Waga Waga, Australia, principios de los años 80. Dave Stewart y Annie Lennox están en la habitación de su hotel, jugando con un pequeño sintetizador. Matan el tiempo mientras esperan el vuelo de regreso a Inglaterra. Están deprimidos. The Tourists, la banda con la que estaban de gira, acaba de disolverse y no saben qué rumbo tomar. Hacen sonidos de didgeridoo, un instrumento de viento de madera, tradicional de los pueblos aborígenes australianos, parecido a una enorme flauta, de un metro y medio de largo. Pinturas rupestres certifican su antigüedad en más de diez mil años. Otras fuentes hablan de cuarenta mil, el espacio temporal australiano es como el geográfico: inabarcable. La mezcla entre el sintetizador y el didgeridoo es sorprendentemente moderna. Está naciendo Sweet Dreams, el tema que los lanzará al estrellato. Del sonido ancestral del didgeridoo al techno pop, en un arranque de inspiración. El fracaso de The Tourits será el éxito de Eurythmics, nombre que le pondrán al dúo que están creando.

Los dulces sueños están hechos de esto / ¿Quién soy yo para no estar de acuerdo? / Recorro el mundo y los siete mares / Todos están buscando algo / Algunos de ellos quieren utilizarte / Algunos de ellos quieren que los utilices / Algunos de ellos quieren abusar de ti / Algunos de ellos quieren que abuses de ellos

Annie está buscando algo y parece que lo ha encontrado. Después de un coro de voz y de música electrónica en vuelo rasante, Dave frena en seco.

¡Levanta la cabeza! / Mantén la cabeza en alto / ¡Sigue adelante!

Pero ella vuelve enseguida a la carga con el poema del uso y el abuso, que lo impregnará todo. Quizás se sienta también poseída por un sonido que viene de un pasado remoto, deslizándose a lo largo del alma de un tronco de eucalipto que las termitas han vaciado; luego, hábiles artesanos lo aprovecharán para construir el preciado instrumento. Pero Sweet Dreams no nos cuenta una singular historia de colaboración entre especies, nos habla de una civilización que se caracteriza por el dominio del ser humano sobre todas las especies, en particular sobre sí mismo.

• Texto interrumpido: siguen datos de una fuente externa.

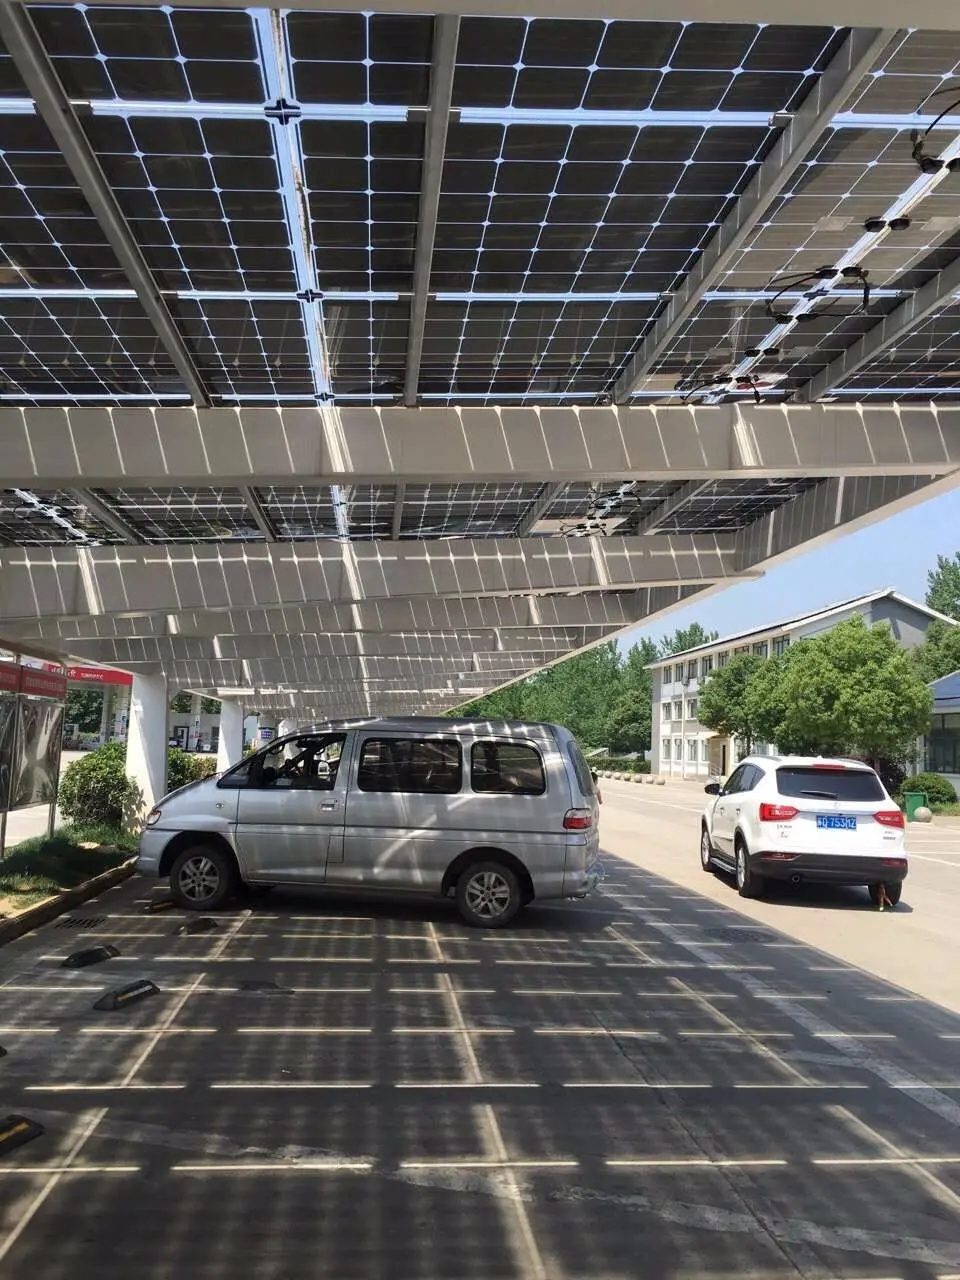 يوين-S لوحة طاقة شمسية سيارة ميناء الشمسية هيكل مرآب الشمسية مرآب نظام التركيب

Some of them want to use you / Some of them want to get used by you / Some of them want to abuse you / Some of them want to be abused

Me imagino a un anciano yolngu en Arnhem Land, al norte de Australia, de donde es originario el didgeridoo, sentado a la sombra de un eucalipto, explicándole a su nieto que a ningún ratón se le ocurriría dedicar su vida a fabricar trampas para cazar ratones, como hace el hombre blanco.

La canción no gustó a las primeras personas que la escucharon, ni a las discográficas a las que se dirigieron, hasta que un DJ de Cleveland la pinchó en su programa de radio y el público respondió, eufórico. Entonces la industria despertó y vendieron millones de copias. Se llaman copias porque el sonido original está en algún lugar entre el desierto de Australia y Abbey Road, en el barrio de St. John’s Wood, en el norte de Londres.